5. La lotta è necessaria per costruire una alternativa sociale

Dati i molti problemi che affliggono i disoccupati di lungo periodo, un lavoro sussidiato è talvolta una buona (temporanea) soluzione. Ma il compito del sindacato è quello di trovare assieme ad altri una vera soluzione che sia nell’interesse dei lavoratori. Ciò significa tra l’altro una lotta per una ulteriore riduzione del tempo di lavoro senza una diminuzione del salario e con una equa ridistribuzione delle funzioni e una lotta contro la politica neoliberale di tagli di bilancio, privatizzazioni, e smantellamento della previdenza sociale. La società ha bisogno di molti nuovi lavori, ben pagati, con buone condizioni di lavoro, nella pubblica istruzione, nei trasporti pubblici, nella salute, e nell’edilizia.

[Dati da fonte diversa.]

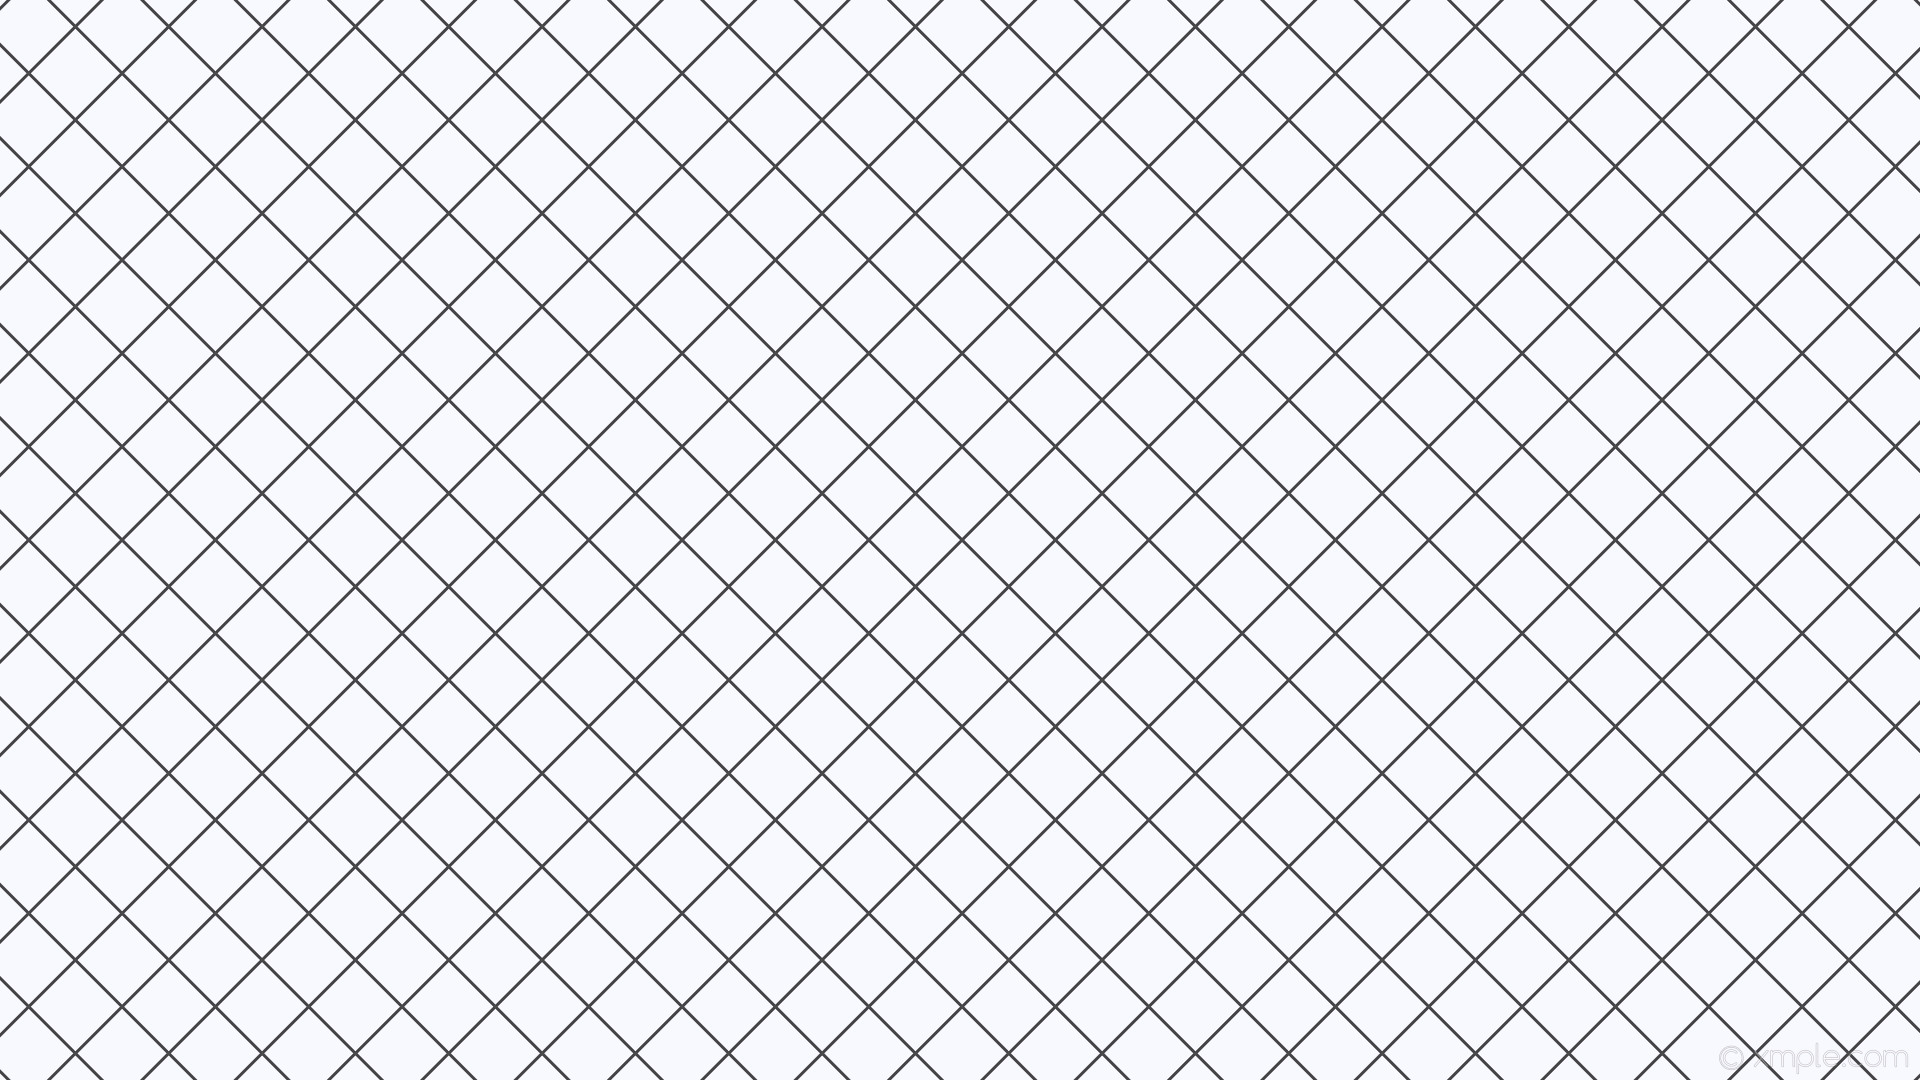 1920x1080 wallpaper graph paper white grid black ghost white #f8f8ff #000000 45Â° 3px  66px

[1] Si veda l’articolo di H.Boot sul modello ‘polder’: Il modello sindacale Olandese, Proteo, Maggio-Agosto, 2002, No.2.

[2] Stuart Tannock, in Roulleau-Berger, 2003.

[3] Wiemer Salverda, Jeugdwerkeloosheid revisited: terug nar de jaren tachtig? Tijdschrift voor Arbeidsvraagstukken, 2003, Nr.4.

[4] Jaco Dagevos, Op de golven van de conjunctuur. De werkeloosheid onder minderheden en ontwikkelingen in het beleid, Tijdschrift voor arbeidsvraagstukken,, 2003-19, No.4

[5] Organisatie voor Strategish Arbeidsmarktonderzoek.

[6] L’OCSE ha constatato, all’inizio degli anni 1980, paura, mancanza di sicurezza e frustrazione nei giovani a causa della disoccupazione. “La persistenza della disoccupazione e del sotto-impiego in una grande parte della popolazione potrebbe distruggere il tessuto social della nostra civilizzazione”.

[7] Si vedano su questo punto anche gli articoli di Eric Verdier e Frank Braun in Laurence Roulleau-Berger, Youth and work in the Post-Industrial City of Nort-America and Europe, Brill, Leiden, 2003. si veda anche: Rapportage Jeugd 2000, redazione di K.Wittebrood e Keuzenkamp, Social en Cultureel Planbureau.